This section presents additional options regarding the loading of columns.
Deferred column loading allows particular columns of a table be loaded only
upon direct access, instead of when the entity is queried using
Query
. This feature is useful when one wants to avoid
loading a large text or binary field into memory when it’s not needed.

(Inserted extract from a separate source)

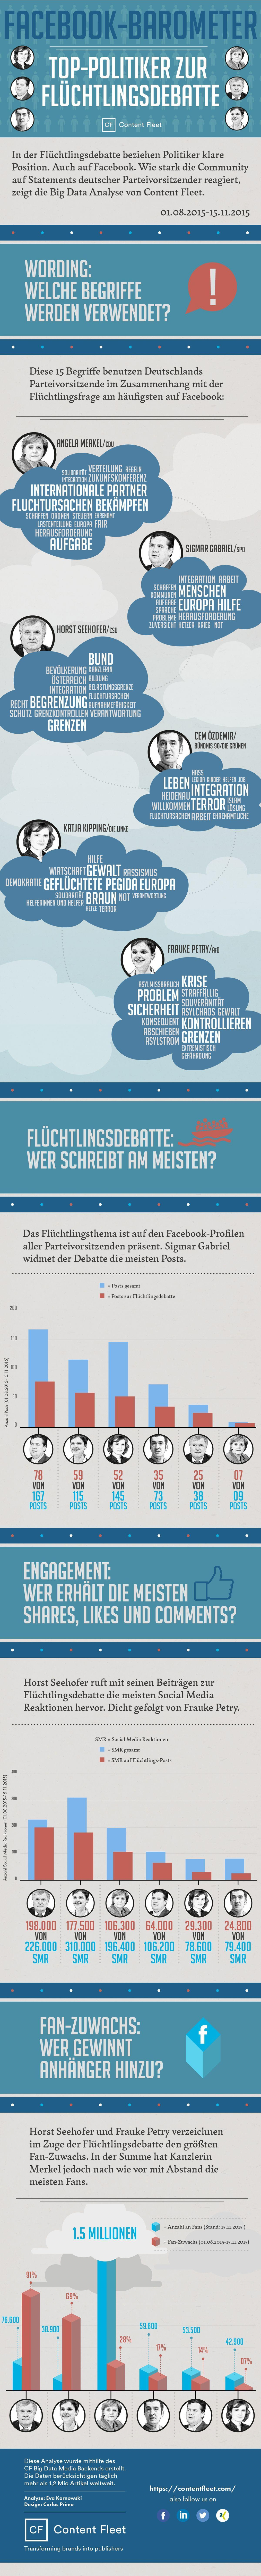 Ingografik-Flüchtlingsdebatte-Facebook-Parteivorsitzende

Individual columns can be lazy loaded by themselves or placed into groups that
lazy-load together, using the orm.deferred()
function to
mark them as “deferred”. In the example below, we define a mapping that will load each of
.excerpt
and .photo
in separate, individual-row SELECT statements when each
attribute is first referenced on the individual object instance:
from sqlalchemy.orm import deferred
from sqlalchemy import Integer, String, Text, Binary, Column
class Book(Base):
__tablename__ = 'book'
book_id = Column(Integer, primary_key=True)

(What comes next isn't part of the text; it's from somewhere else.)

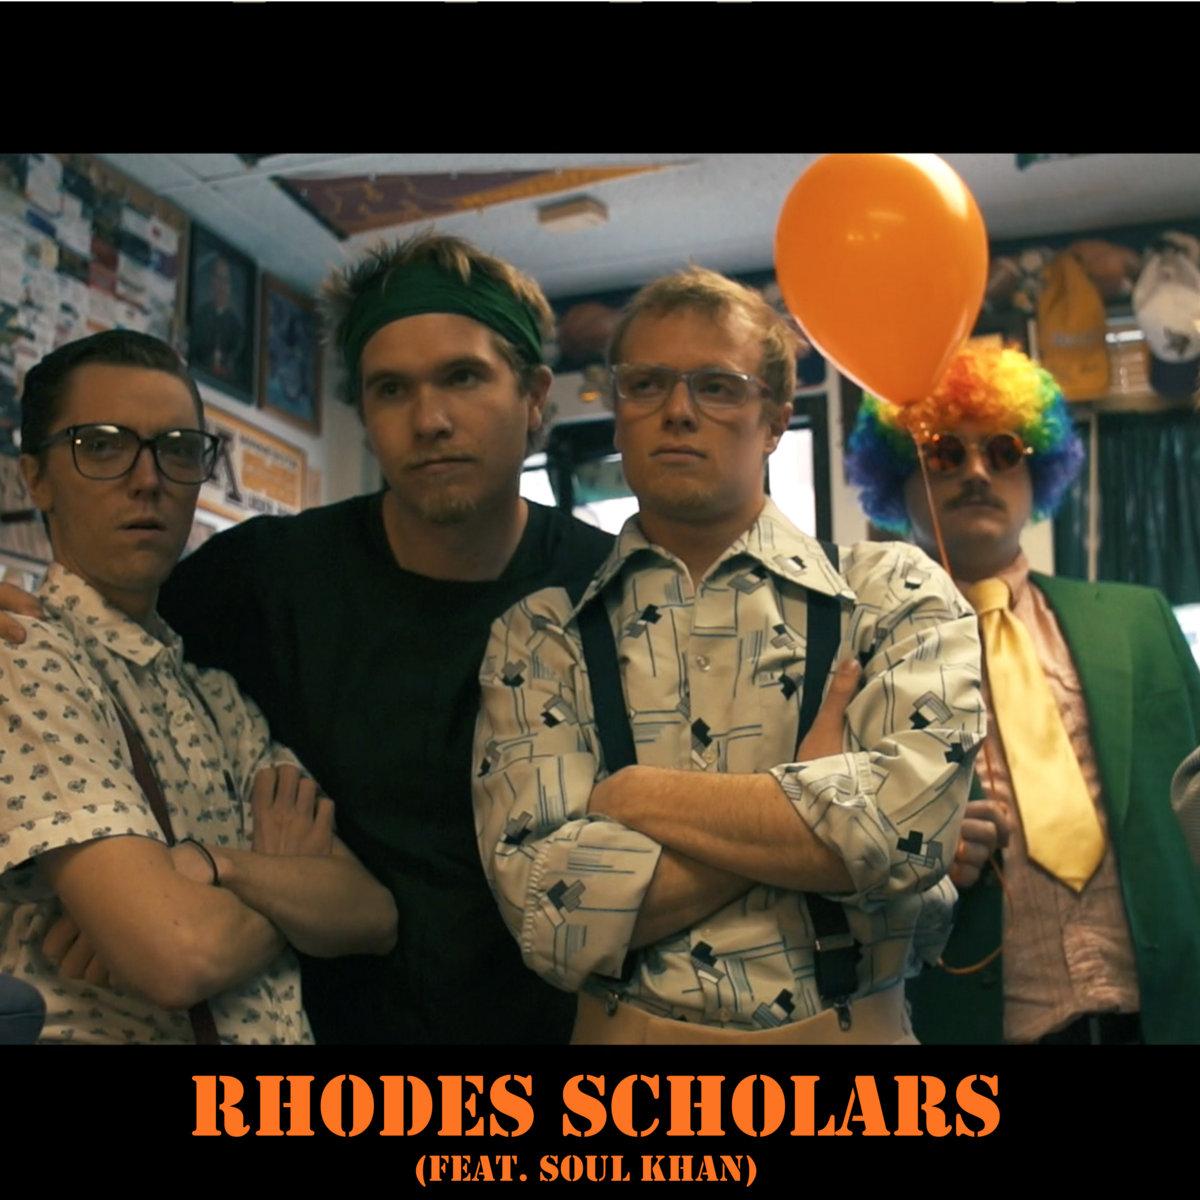 Rhodes Scholars (feat. Soul Khan) by Reverse Mechanic

title = Column(String(200), nullable=False)
summary = Column(String(2000))
excerpt = deferred(Column(Text))
photo = deferred(Column(Binary))
Classical mappings as always place the usage of orm.deferred()
in the
properties
dictionary against the table-bound Column
:
mapper(Book, book_table, properties={
'photo':deferred(book_table.c.photo)
})
Deferred columns can be associated with a “group” name, so that they load
together when any of them are first accessed. The example below defines a
mapping with a photos
deferred group. When one .photo
is accessed, all three
photos will be loaded in one SELECT statement. The .excerpt
will be loaded
separately when it is accessed:
class Book(Base):
__tablename__ = 'book'
book_id = Column(Integer, primary_key=True)

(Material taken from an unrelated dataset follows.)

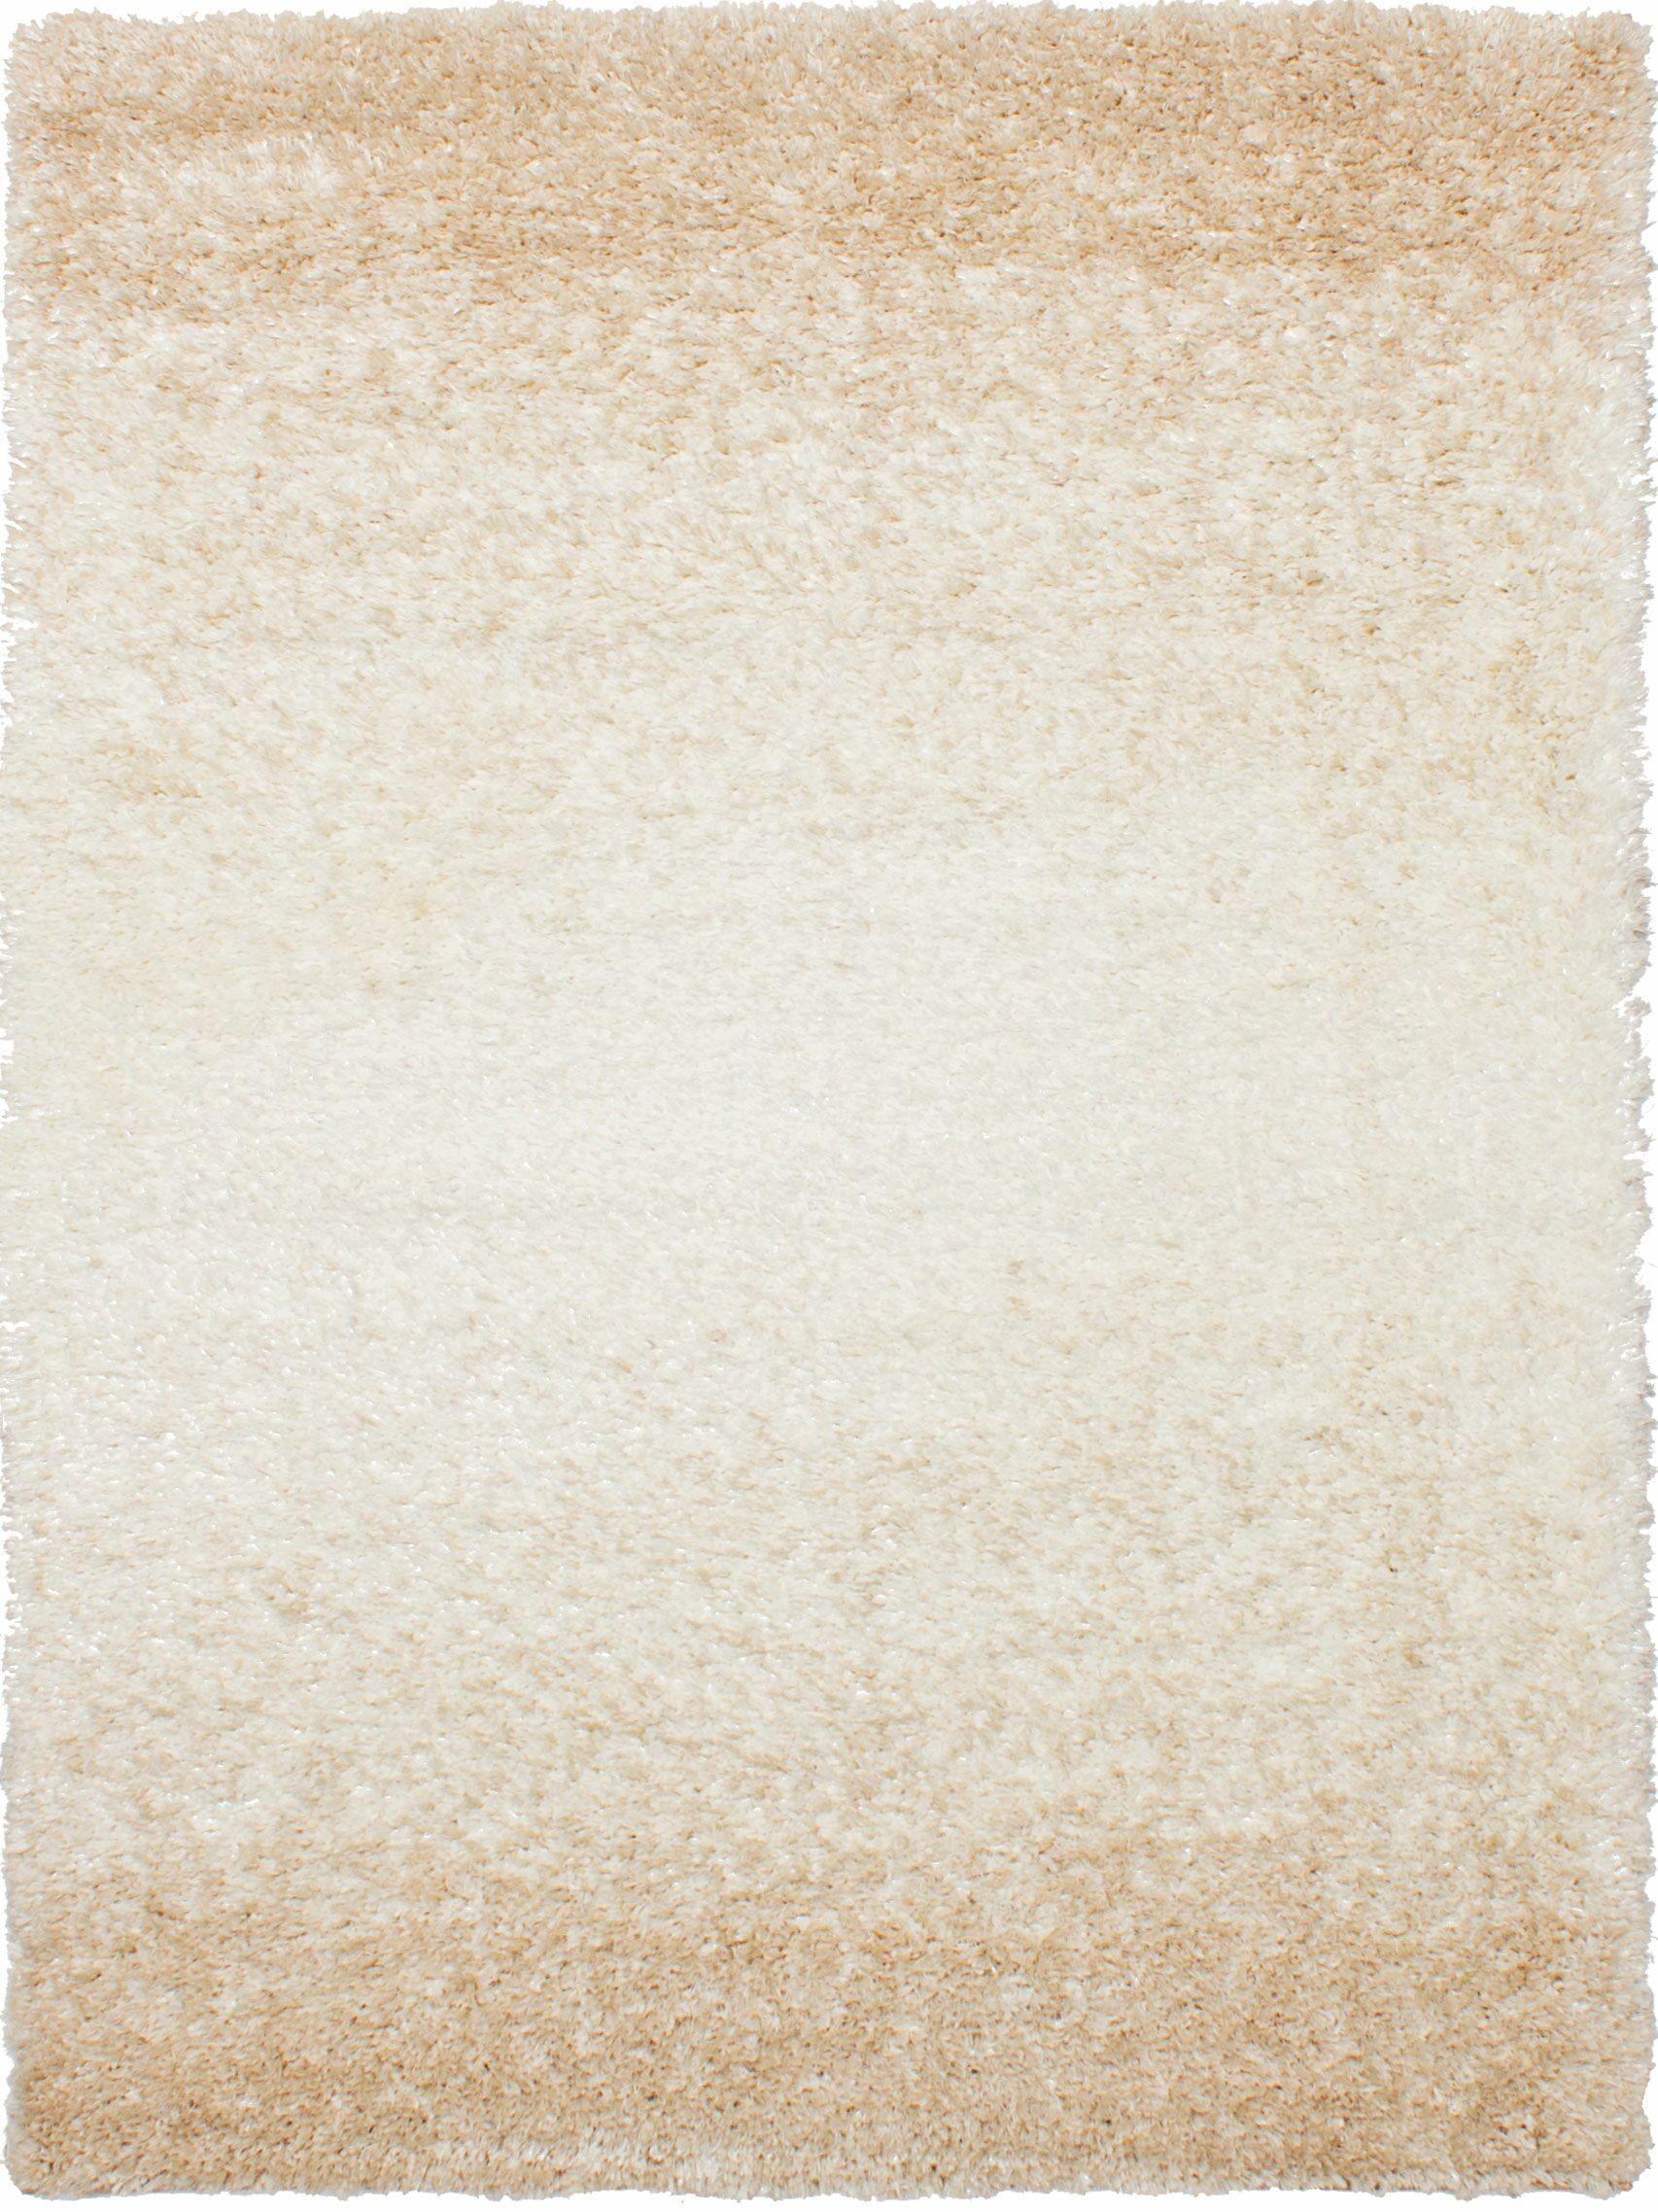 Corbett Beige/Cream Area Rug

title = Column(String(200), nullable=False)
summary = Column(String(2000))
excerpt = deferred(Column(Text))
photo1 = deferred(Column(Binary), group='photos')
photo2 = deferred(Column(Binary), group='photos')
photo3 = deferred(Column(Binary), group='photos')
Columns can be marked as “deferred” or reset to “undeferred” at query time
using options which are passed to the Query.options()
method; the most
basic query options are orm.defer()
and
orm.undefer()
:
from sqlalchemy.orm import defer
from sqlalchemy.orm import undefer
query = session.query(Book)
query = query.options(defer('summary'), undefer('excerpt'))
query.all()
Above, the “summary” column will not load until accessed, and the “excerpt” column will load immediately even if it was mapped as a “deferred” column.
orm.deferred()
attributes which are marked with a “group” can be undeferred
using orm.undefer_group()
, sending in the group name:
from sqlalchemy.orm import undefer_group
query = session.query(Book)
query.options(undefer_group('photos')).all()
To specify column deferral for a Query
that loads multiple types of
entities at once, the deferral options may be specified more explicitly using
class-bound attributes, rather than string names:
from sqlalchemy.orm import defer
query = session.query(Book, Author).join(Book.author)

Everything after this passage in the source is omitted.